Restaurant Startup is an American food competition series that aired for three seasons on CNBC, from 2014 to 2016. In the show, two judge-investors meet with aspiring chefs, taste their food, hear their concept and decide whom they want to support in their food career. During the first two seasons, the judges-investors were celebrity restaurateurs Joe Bastianich and Tim Love. In the third season, the judges-investors were Bastianich, Love and Elizabeth Blau, with two of the three appearing in each episode.
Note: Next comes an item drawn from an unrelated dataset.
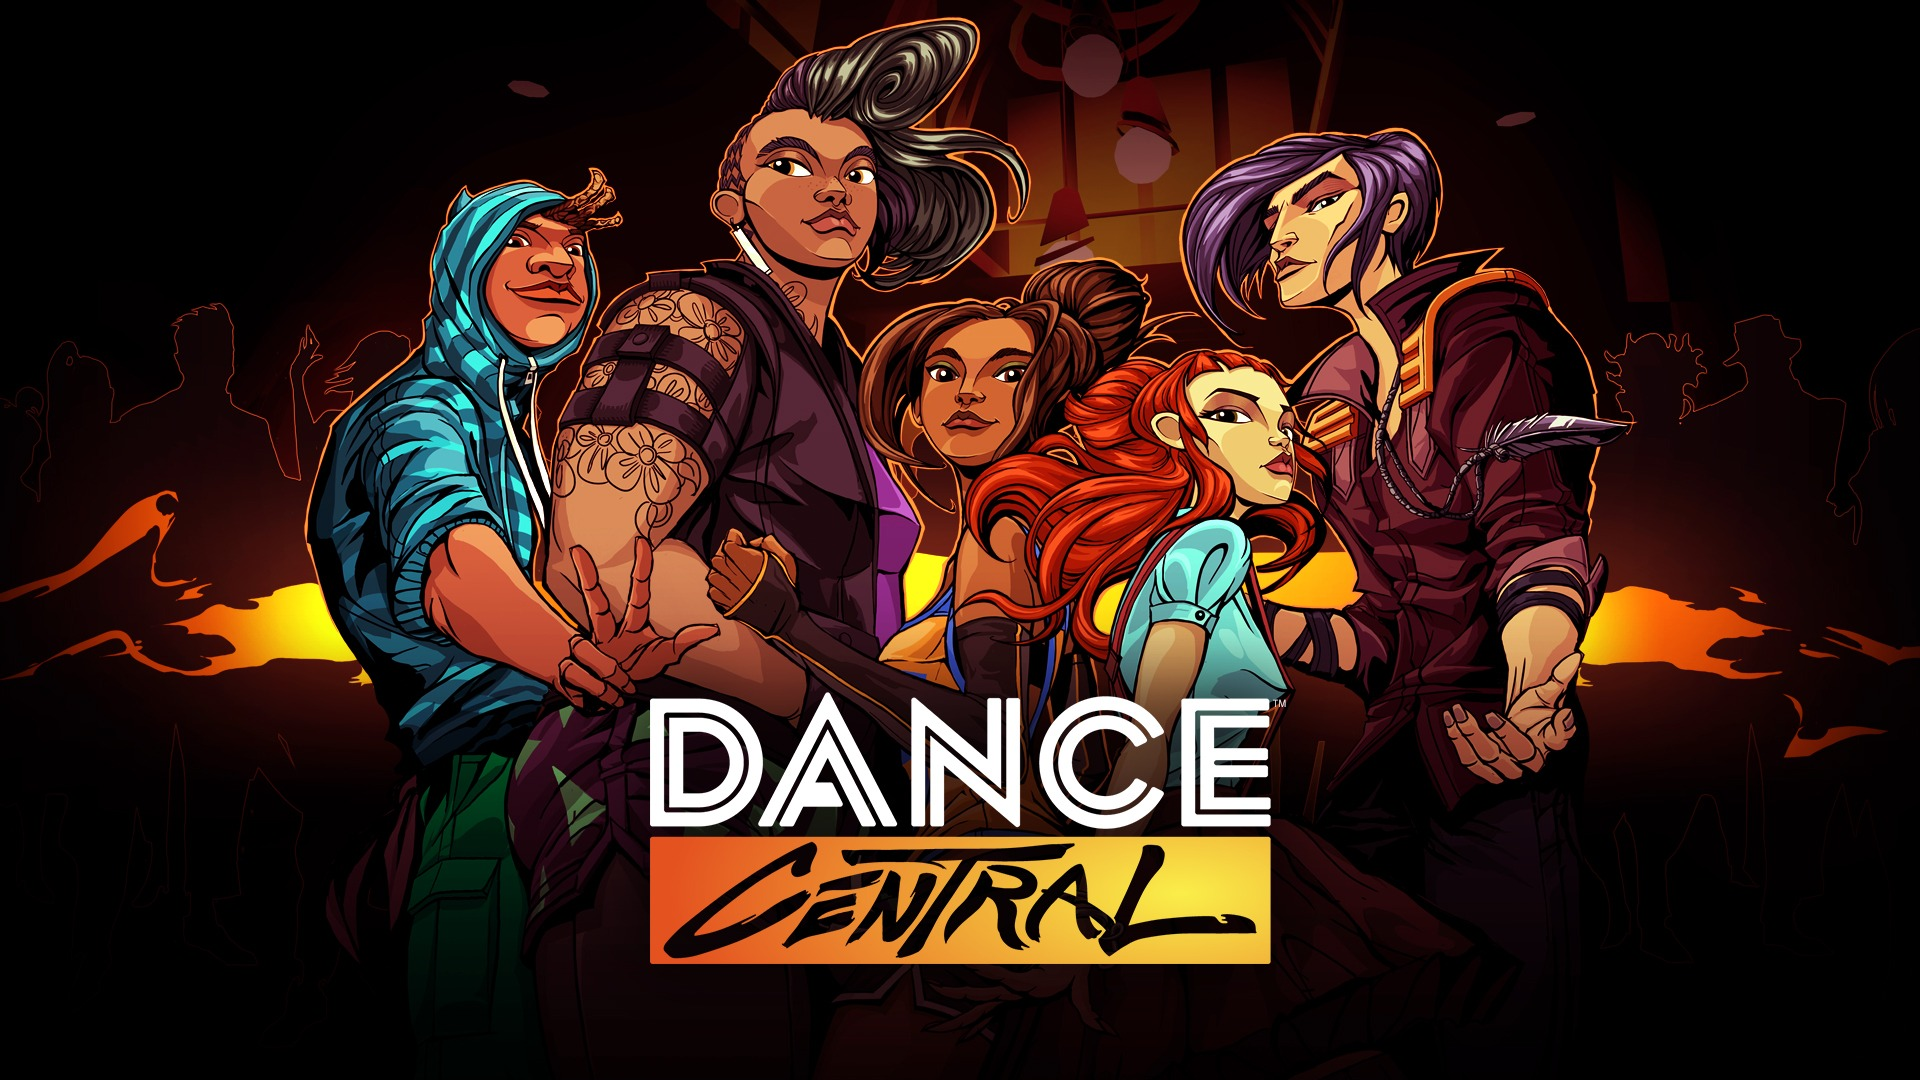 Dance Central Bemutató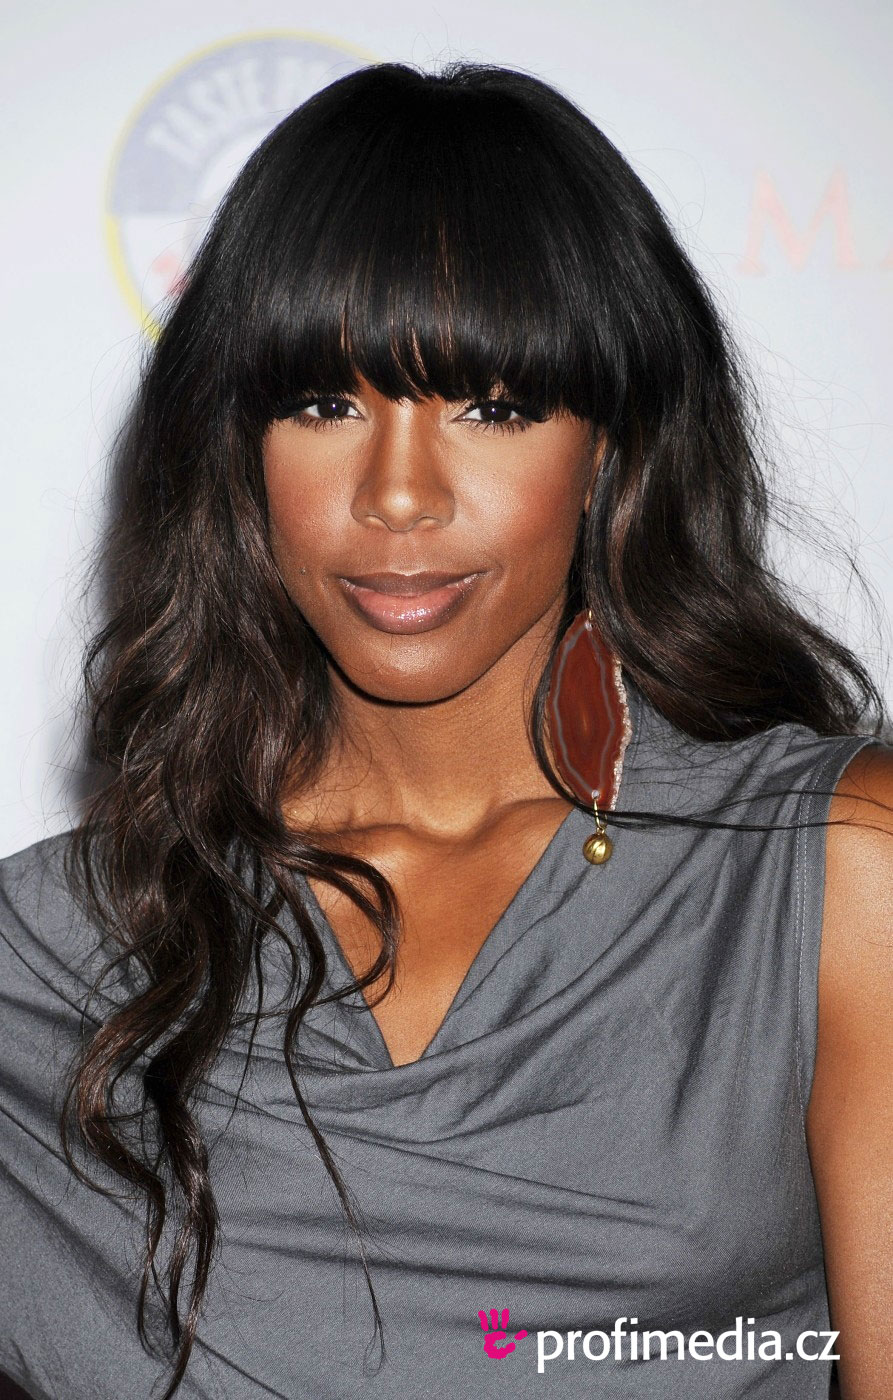 Prom hairstyle - Kelly Rowland - Kelly Rowland

Each episode is divided into four parts: first, judges-investors choose among two competing pitches for a new restaurant. Then, the winning team gets $7,500, a location and various helpers to refine their restaurant idea (including logo design, decor, and menu) and turn the concept into a functioning restaurant in 36 hours. Then, customers are brought in and the team runs the restaurant over several hours. Finally, the team meets with the investors, and one or both of the investors may then make an investment offer.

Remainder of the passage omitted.